You may use any result from the lectures or the homeworks without proof.
Name & UNI:
1.(16 points) For each statement below state either True or Justify your answer by providing a short explanation/proof sketch (for true statements) or a counter example (for falsestatements). Machine Learning代考
(a) Bayes classifier (i.e. the optimal classifier) always yields zero classification error.
(b) Kernel regression with a box kernel typically yields a discontinuous predictor.
(c) If we train a Na¨ıve Bayes classifier using infinite training data that satisfies all of its modeling assumptions (e.g., features in the training data are independent given the class labels), then it will achieve zero training error over these training examples. Machine Learning代考
(d) Suppose you are given a dataset of cellular images from patients with and without cancer. If you are required to train a classifier that predicts the probability that the patient has cancer, you would prefer to use Decision trees over Logistic regression.
(e) Given a d × d symmetric positive semidefinite matrix A. The transformation ø : x ›→ xTAx is a linear transformation.
(f) Ordinary Least Squares (OLS) regression is consistent. That is, as the number of samples approaches infinity, OLS error approaches the error of the optimal regressor.
(g) Consider the constraint optimization problem:
This optimization problem is equivalent to the following unconstraint optimization problem:
That is, the optimal solution to the given constraint optimization problem is equal to the optimal solution for the given unconstraint optimization problem.

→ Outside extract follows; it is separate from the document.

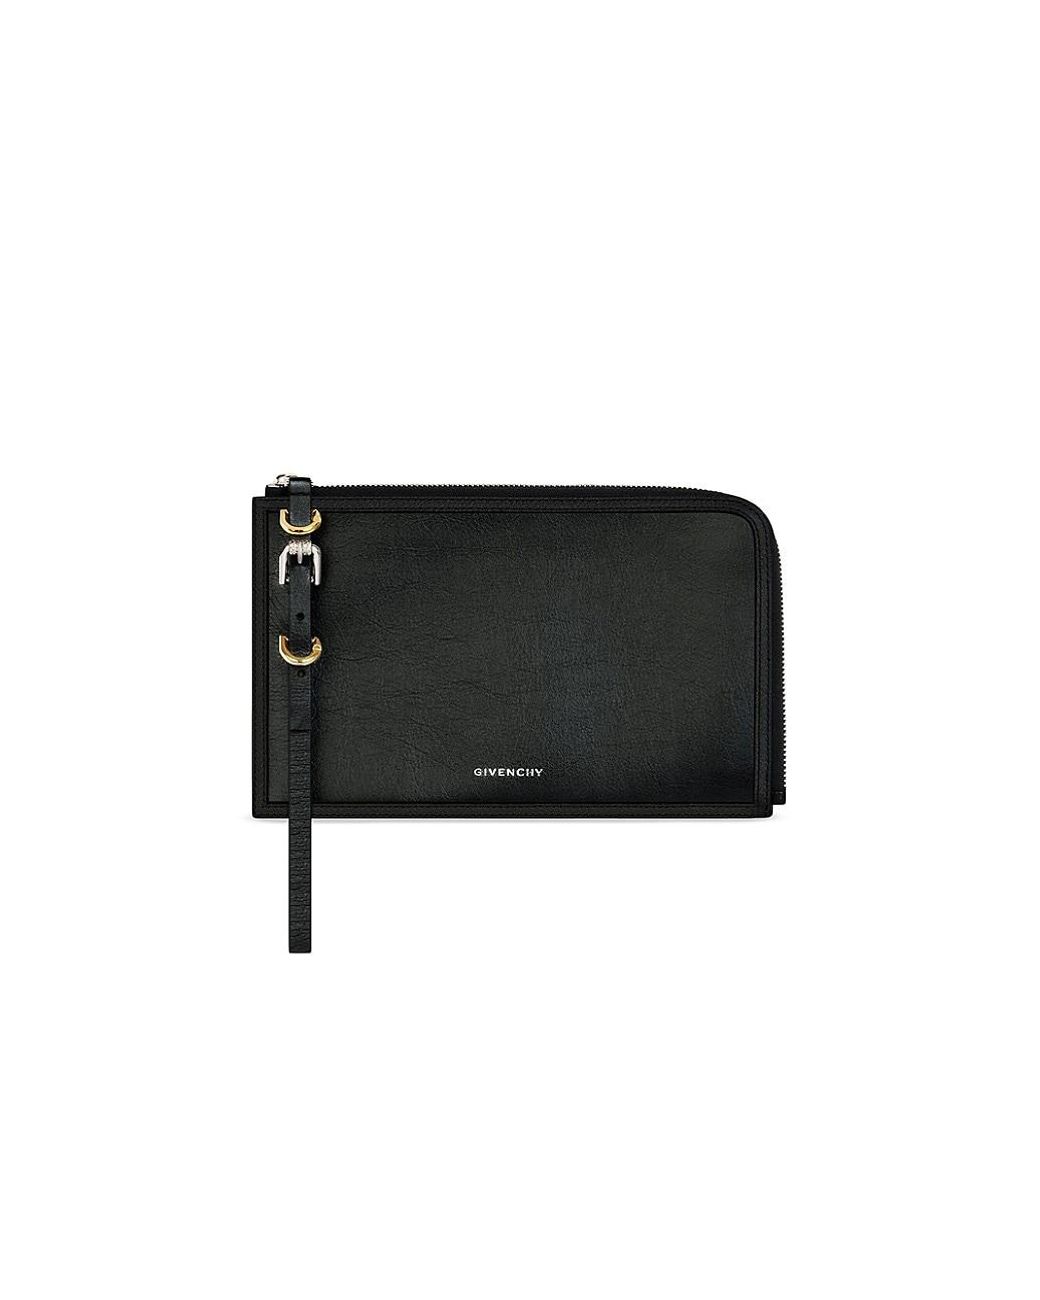 Givenchy Voyou Pouch In Leather in Black | Lyst

(h) For any d ≥ 1, the unit L0-ball in Rd, that is, the set {x ∈ Rd : ||x||0 ≤ 1}, is not a convex set.
2.[Maximum Likelihood Estimation and beyond (13 points)]
Your friend gives you a coin with bias b (that is, tossing the coin turns ‘1’ with probability b, and turns ‘0’ with probability 1 − b). You make n independent tosses and get the observation sequence x1, . . . , xn ∈ {0, 1}.
(a)Youwant to estimate the coin’s What is the Maximum Likelihood Estimate (MLE) ˆb given the observations x1, . . . , xn?
(b)Isyour estimate from part (a) an unbiased estimator of b? Justify your answer. Machine Learning代考
(c)Derivea simple expression for the variance of this coin?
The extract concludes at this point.